Expression of important factors in gluconeogenesis in primary hepatocytes and spexin gene knockout activated the gluconeogenesis signalling pathway. (A) Spexin inhibited the expression of FoxO1, PGC-1α, PEPCK, G-6-Pase mRNA in primary hepatocytes. (B) Spexin intervention increased the p-FoxO1 Ser256/FoxO1 ratio in primary hepatocytes. (C) Spexin inhibited the protein expression of FoxO1, PGC-1α, PEPCK, and G-6-Pase in primary hepatocytes. (D) The glucose concentration in the culture media of spexin gene knockout HepG2 cells was significantly increased. (E) The mRNA expression of FoxO1, PGC-1α, PEPCK, and G-6-Pase was significantly increased in spexin gene knockdown HepG2 cells. (F) Spexin gene knockdown decreased the Ser256/FoxO1 p-FoxO1 ratio in HepG2 cells. (G) The protein expression of FoxO1, PGC-1α, PEPCK, and G-6-Pase in spexin gene knockdown HepG2 cells was increased. * P < 0.05.
We hypothesized that gluconeogenesis should be inhibited when HepG2-IR cells are incubated with spexin if gluconeogenesis is the consequence of decreased spexin levels in HepG2-IR cells. Conversely, gluconeogenesis should increase after spexin expression is disrupted in HepG2 cells. HepG2 cells were cotransfected with a plasmid encoding spexin gene-specific guide RNAs and Cas9 and a plasmid encoding selection genes or transfected with the control CRISPR/Cas9 plasmid alone (control HepG2). The differences in expression were confirmed by ELISA and qRT-PCR (see Supplementary Fig S3A). CRISPR/Cas9-mediated disruption of spexin expression in HepG2 cells resulted in a significant increase of the glucose concentration in the medium (Fig. 6D). Notably, we found that suppression of spexin in HepG2 cells increased the expression of FoxO1, PGC-1α, PEPCK, and G-6-Pase mRNA and protein expression (Fig. 6E, G). In addition, CRISPR/Cas9-mediated disruption of spexin expression in HepG2 cells reduced the p-FoxO1 Ser256/FoxO1 ratio (Fig. 6F, G), indicating a decrease in FoxO1 phosphorylation and an increase of the interaction between FoxO1 and PGC-1 in the nucleus.

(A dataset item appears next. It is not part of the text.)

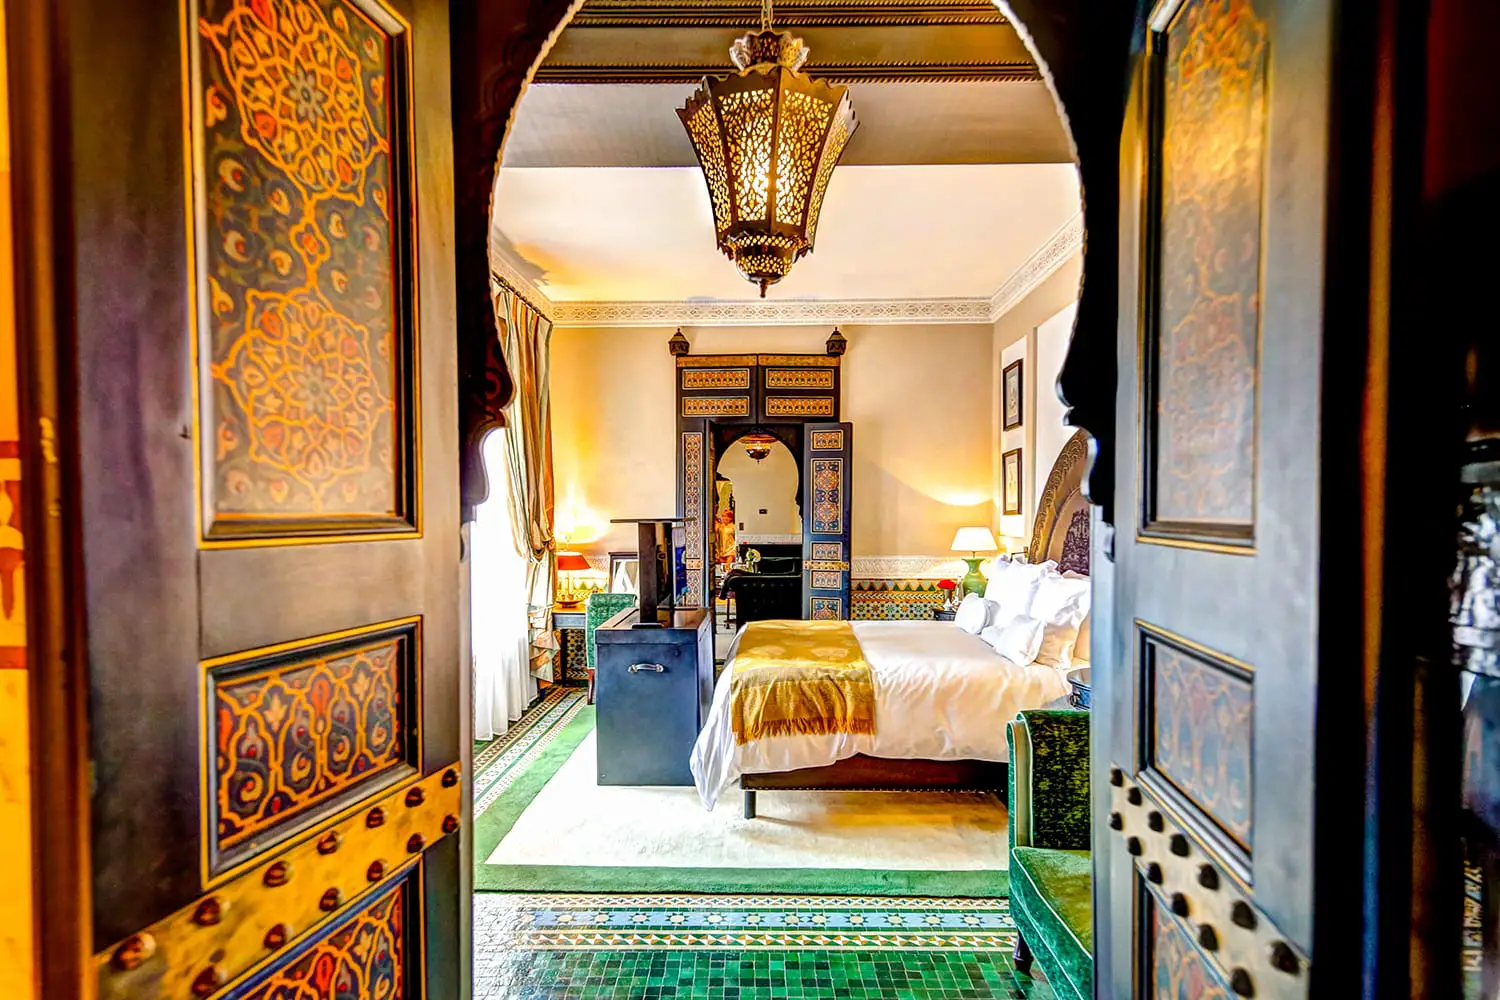 Interior of a suite at La Mamounia resort in Marrakech Morocco

Previous studies showed that spexin may contribute to glucose metabolism [19, 27]. The serum spexin levels were also significantly lower in obese children or patients with type 1 diabetes [28, 29]. But a study of adolescents with T2DM did not report a difference in spexin as compared to controls [30]. In our study, we found that the serum spexin levels were reduced in patients with T2DM (P < 0.01). Moreover, strong negative correlations were established between the serum spexin level and HOMA-IR values in the OGTT after adjusting for BMI. These results suggested that spexin might involve in insulin resistance. The effects of spexin on insulin resistance in a HFD-induced SD rat model were examined to further test the hypothesis. HFD feeding has been shown to affect glucose, impair insulin sensitivity, and induce metabolic dysfunction [31, 32]. In our study, 8-week spexin treatment consistently resulted in weight loss, which is consistent with previous observations [20, 33]. Weight loss can affect glucose control, serum FFA and other metabolic abnormalities. Due to the limited conditions, we failed to present whether the spexin injections could result in less food intake, impaired food absorption, or increased energy expenditure. We believe that spexin maybe has an effect on body weight while it also plays an important role in insulin resistance. Kolodziejski et al [34] report that spexin and kisspeptin show negative correlations with obesity, insulin resistance indices, and hormones known to affect insulin sensitivity in females. Ge et al [35] also find that spexin improves glucose tolerance, decreases insulin resistance and HbAlc in HFD-induced T2DM mice. We found that exogenous spexin also significantly reduced the insulin concentration and HOMA-IR value in HFD-fed rats. Therefore, the spexin was identified as a positive regulator of insulin sensitivity. We used HOMA-IR and hyperinsulinemic-euglycemic clamp studies to evaluate the effect of spexin on insulin resistance in HFD-induced rats. Exogenous spexin administration ameliorated HFD-induced metabolic dysfunction, as well as the serum insulin level and HOMA-IR value. As demonstrated by the hyperinsulinemic-euglycemic clamp test, the GIR was higher in the HFD + spexin group than in the HFD group at the clamp point (P < 0.05), indicating that exogenous spexin can improve insulin resistance in HFD-induced rats.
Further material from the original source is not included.